Gauri Lankesh, 55, the editor and publisher of the Kannada language Gauri Lankesh Patrike, was shot dead on Tuesday by unidentified assailants near her home in the southern city of Bengaluru.
The identity and motivations of her killers were not known, police said.
Several journalist groups, including the Editors’ Guild, Press Club of India and Press Association, held protests across India, calling the murder a “brutal assault on the freedom of the press”.
She was a critic of the federal government and wrote extensively about secularism.
“Journalism is nothing without courage. Democracy is nothing without dissent. Lankesh had plenty of both,” said Shekhar Gupta, an Indian journalist and political commentator.

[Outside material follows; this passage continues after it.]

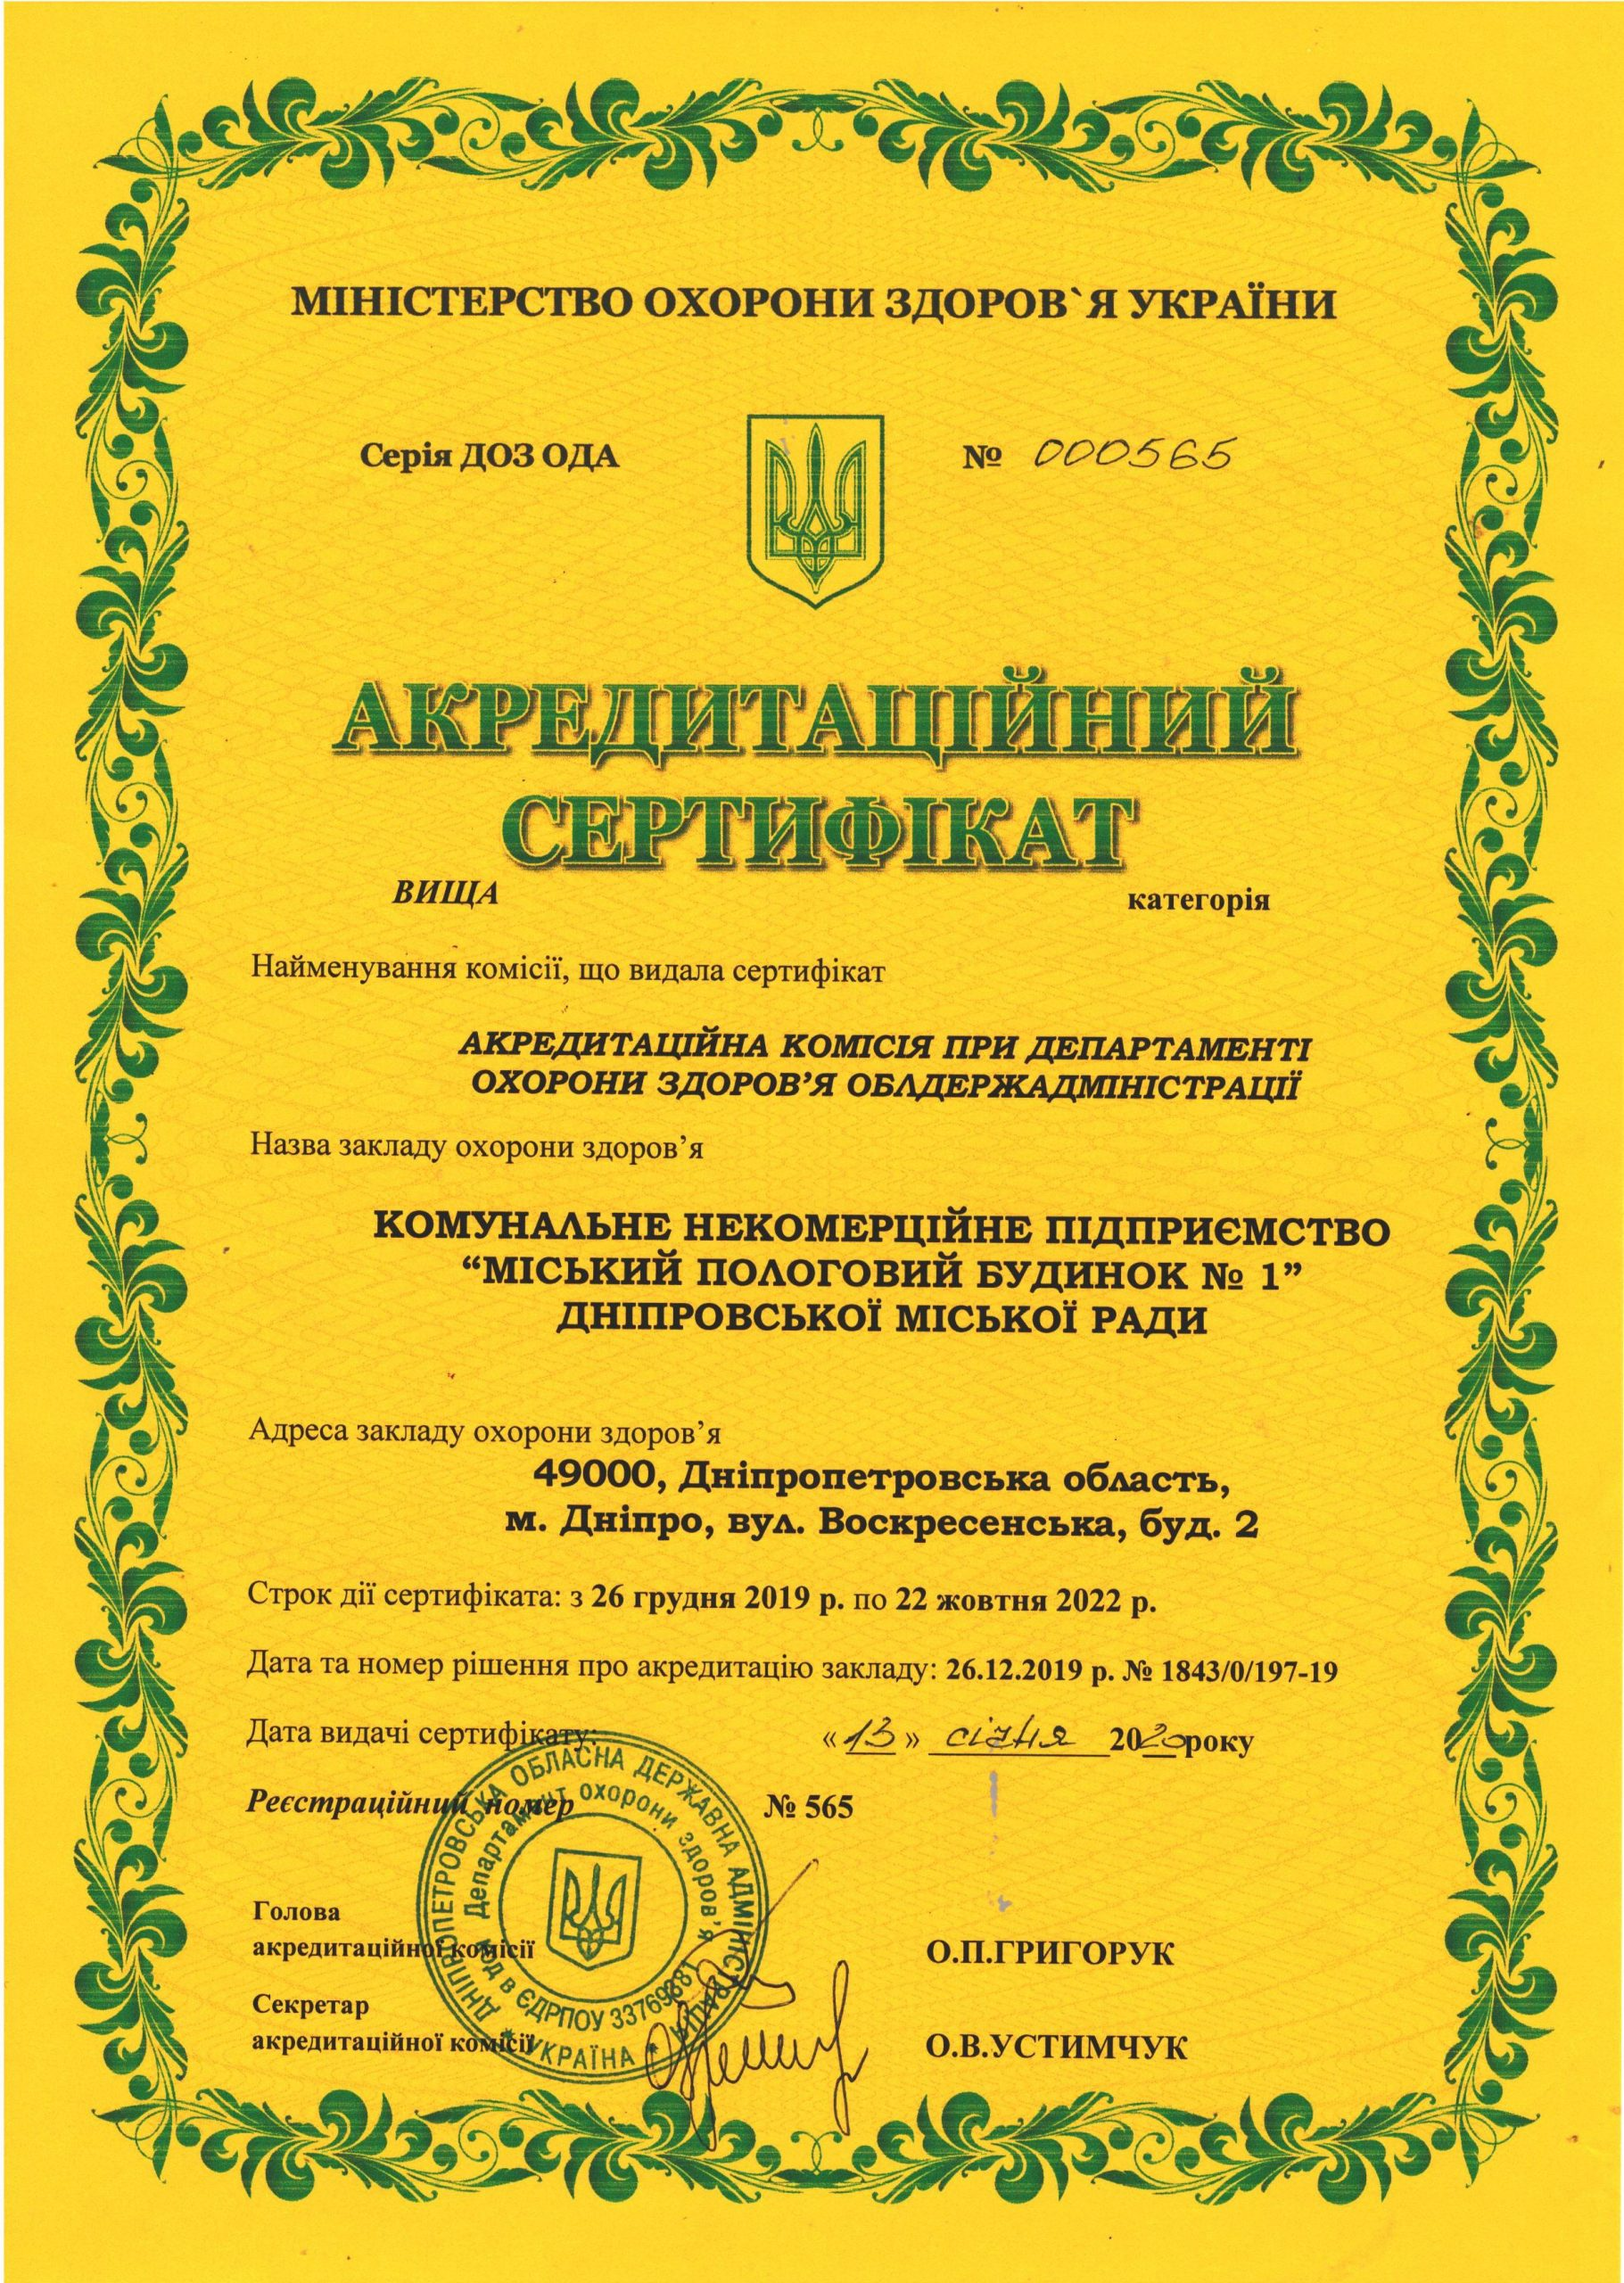 NOVIJ-001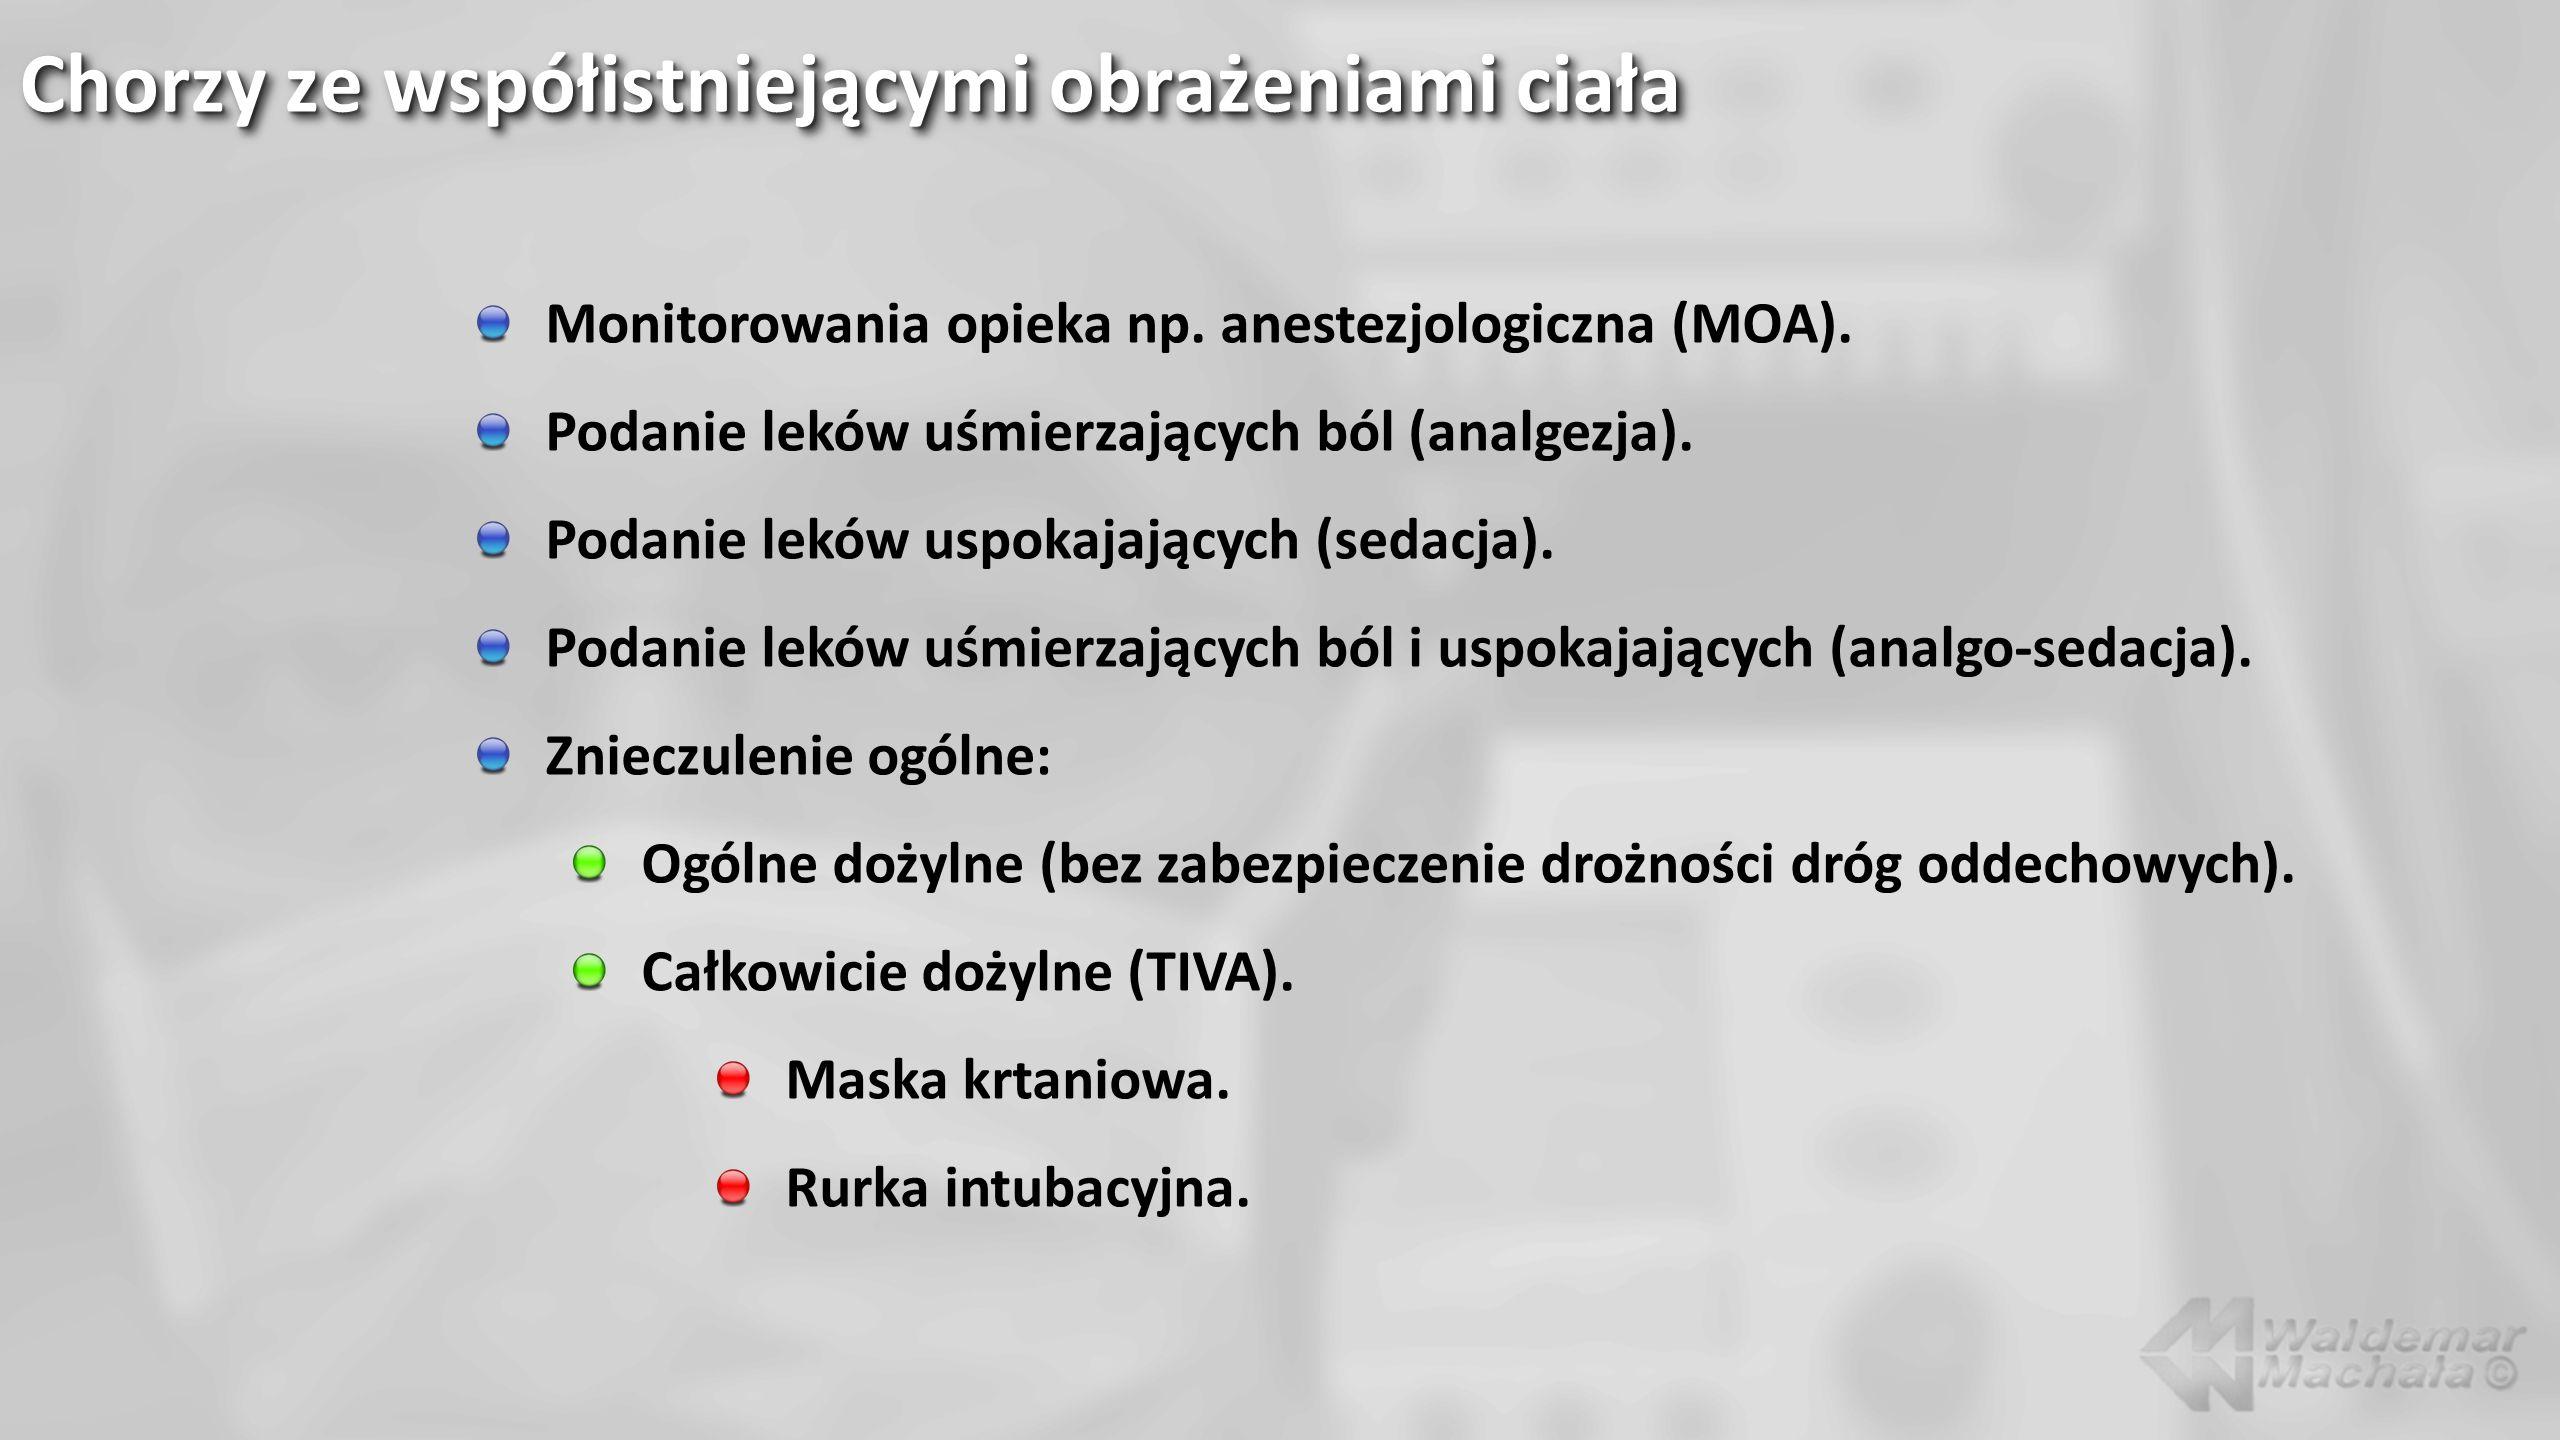 Uśmierzanie bólu opioidowe leki przeciwbólowe Określanie dawki nasycającej dla morfiny: Rozpocznij tlenoterapię.

The killing is a new low in India’s track record in recent years of protecting journalists. The Southeast Asian nation of 1.3 billion people slipped three places to 136th in this year’s World Press Freedom Index compiled by Reporters Without Borders.
The group said Hindu nationalists, on the rise since Prime Minister Narendra Modi’s Bharatiya Janata Party swept to power in 2014, were “trying to purge all manifestations of anti-national thought”.